Jazz Boot Camp

Imer Santiago (center) jazzes it up with members of The Imer Santiago Quintet.

Imer Santiago (center) jazzes it up with members of The Imer Santiago Quintet.


By day, Imer Santiago is a music educator, teaching at two Nashville, Tennessee, schools, directing a program that focuses solely on Mariachi music. By night, Santiago has “a couple of bands” and plays jazz in clubs and festivals around town. (That’s putting it lightly—he just released a new album and even garnered consideration for a Grammy nomination this year.)

He said it was Ohio State that put him on the fast-path to musical success. “Ohio State has a ‘boot camp’ in jazz,” he said. “They kicked my butt for four years, and I know for sure I wouldn’t be in the position I’m in today without the education I got at Ohio State, particularly the School of Music jazz studies program’s focus on improvisation.”

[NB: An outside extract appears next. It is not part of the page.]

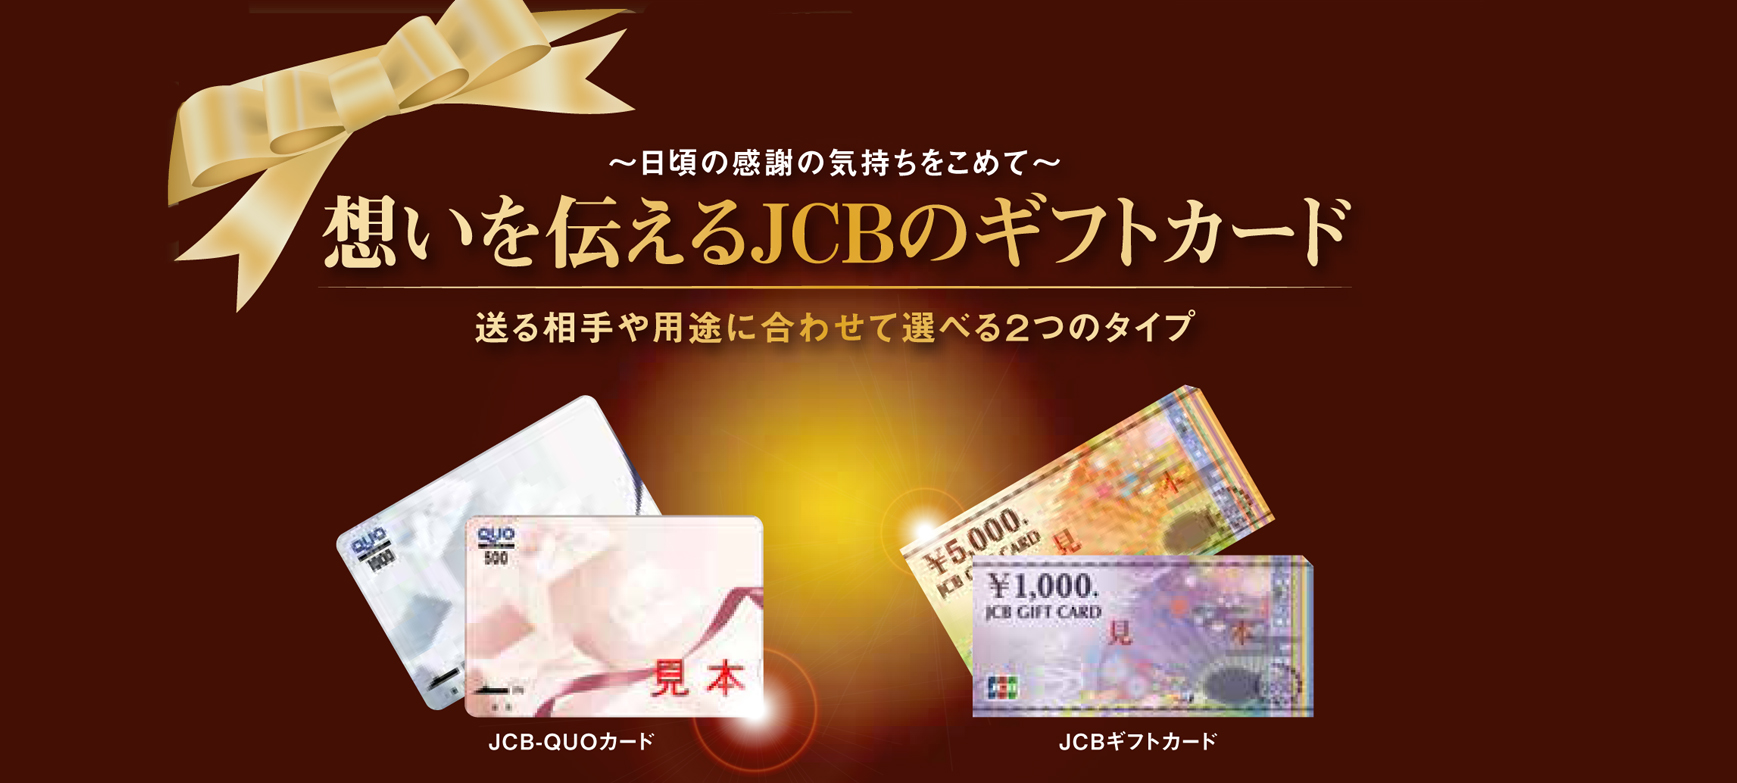 各種ギフトカードのお求めは秋田JCBカードで。

His road to Nashville continued with a master’s degree from the University of New Orleans, then a stint with an Austin, Texas-based Latin/Christian rock band. “We came through Nashville a lot, and I said, there’s a whole lot more here than just country (music),” he said. “I wanted to settle down, and I love it here!”

He said Nashville’s Music Makes Us initiative seeks to bring music from a “diverse musical landscape” into the city’s public schools, thus his Latin-based Mariachi program in a middle school and high school, where students learn violin, trumpet, guitar, vihuela and guitarron.

His own bands include the seven-member El Movimiento, co-led by three of the musicians, which has belted out Latin jazz tunes since 2008. He also leads the Imer Santiago Quintet, in his words, playing “mainly straight-ahead jazz with a little R&B influence and some Latin jazz.” And he just released his first solo album, Imer Santiago: Hidden Journey.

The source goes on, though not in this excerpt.